Helmerich Chair (2012 – 2017)
Medical Genetics
University of Wisconsin
Madison, WI
Dr. Ikeda’s Research Project
Identification of Genetic Factors Affecting Aging of the Retina
Current Research Interests
Dr. Ikeda uses mouse models to study the genetic and molecular mechanisms of aging. His laboratory studies a mouse mutant showing similar symptoms as observed in age-related macular degeneration (AMD) patients. He has identified the mutation in the gene (Tmem135) associated with mitochondria functions and confirmed that the mutation is indeed causing the AMD-like symptoms.

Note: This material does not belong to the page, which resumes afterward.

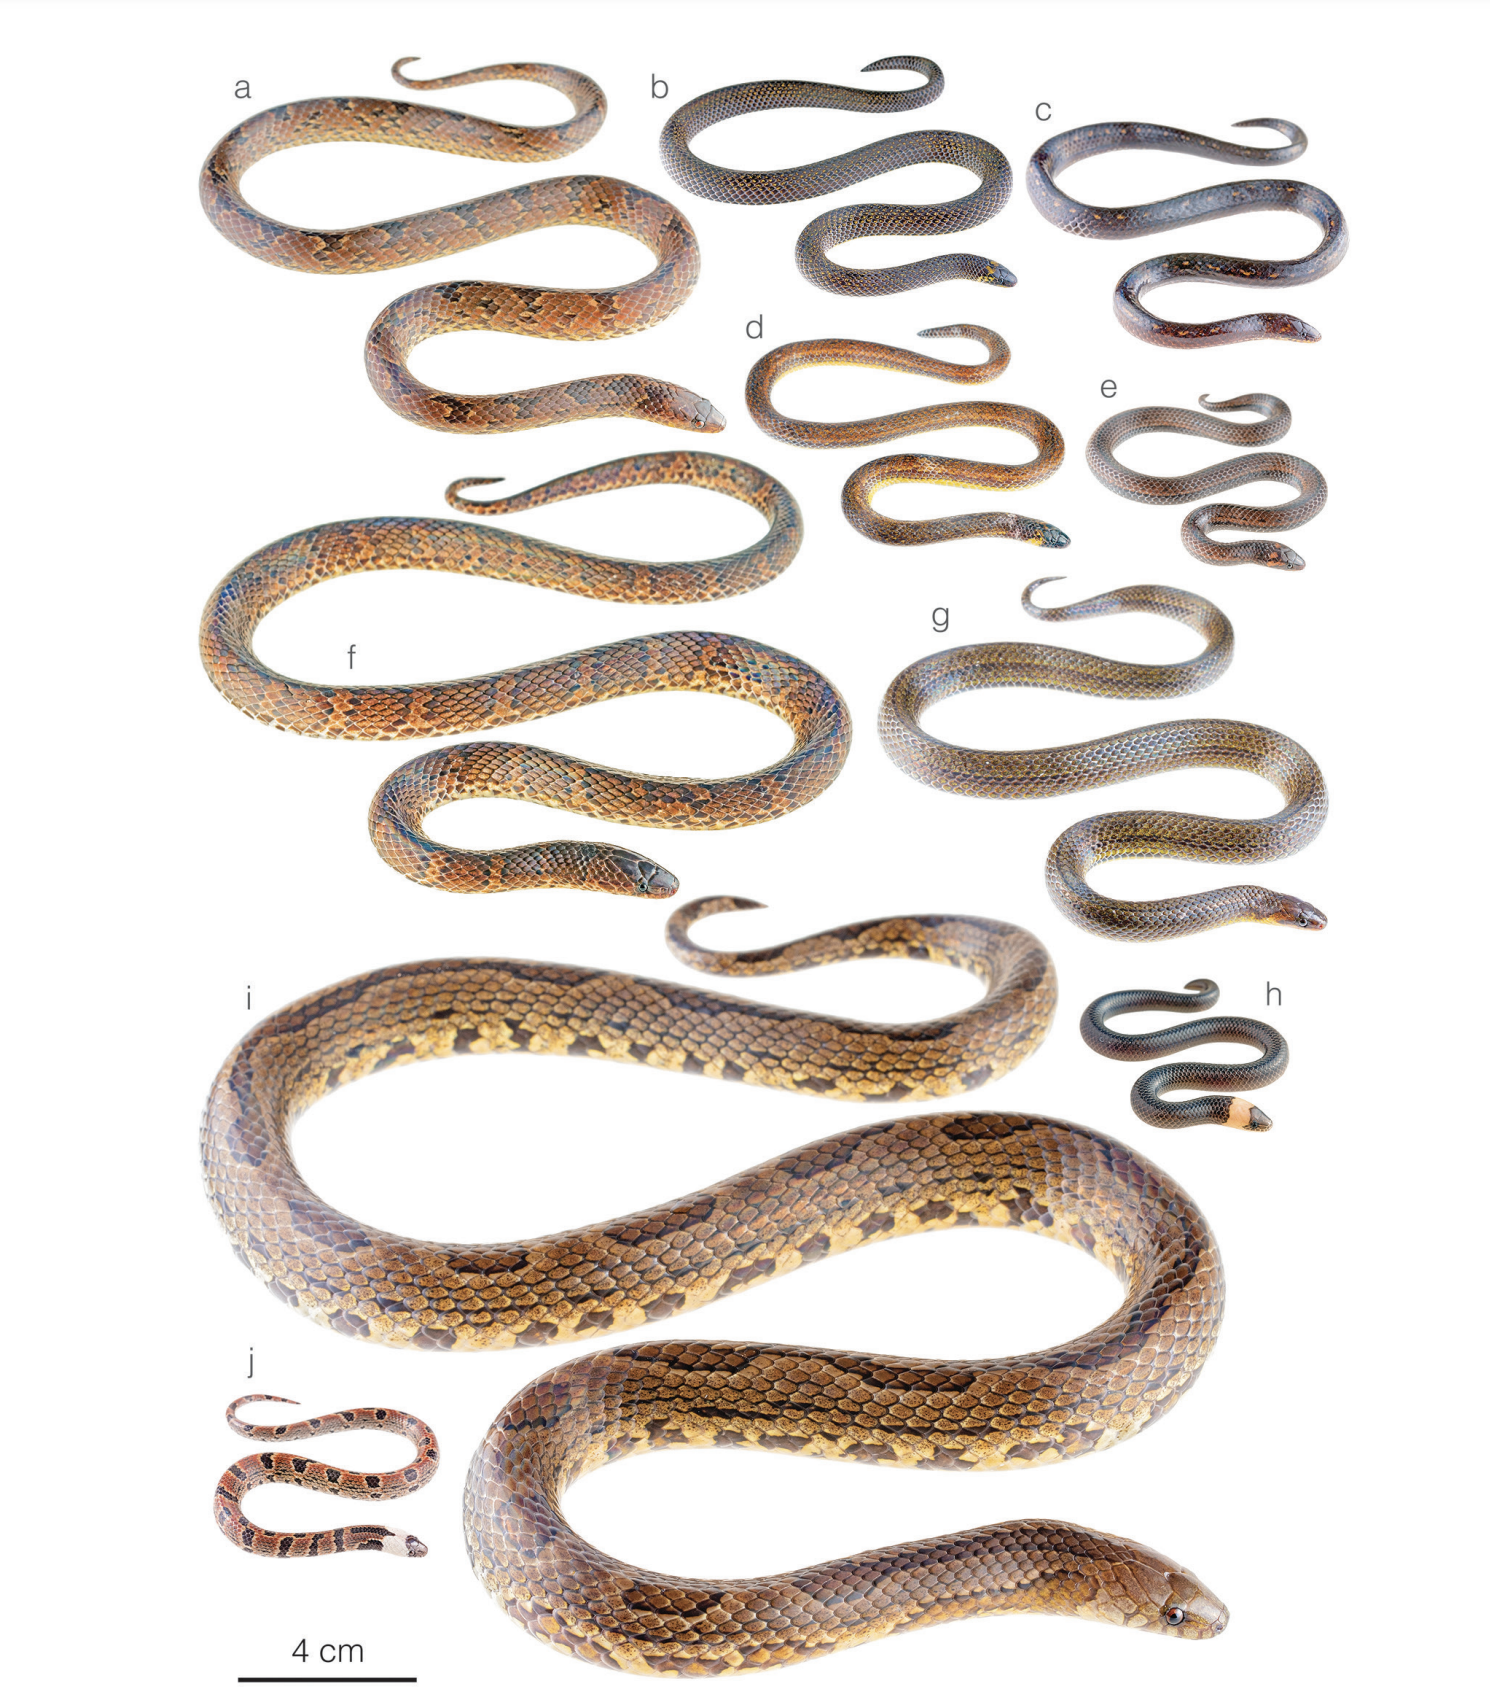 Three new species of ground snakes discovered in Ecuador.

Another major project is to identify genes that determine the severity of aging symptoms in the retina including neurodegeneration, synaptic abnormality, and inflammation using two mouse strains, one of which shows retinal aging symptoms earlier than the other. He has found that a mutation in the bloom syndrome gene (Blm) gene involved in DNA damage repair is responsible for the early-onset of aging symptoms and that Blm may have a role in the mitochondrial function.
The retina of a mutant mouse with accelerated aging symptoms show AMD-like phenotypes such as accumulation of autofluorescence and inflammation.Specifically, Dr. Ikeda’s laboratory aims to identify gene mutations that lead to early onset of aging phenotypes in the mouse retina. His laboratory also aims to identify genes that cause the difference in the severity of age-dependent retinal abnormalities observed between two mouse inbred strains. Dr. Ikeda hopes that identification of these genes will allow him to elucidate the molecular mechanisms causing the age-dependent retinal abnormalities, and therefore, enhance our understanding of age-dependent retinal diseases and aging of the retina.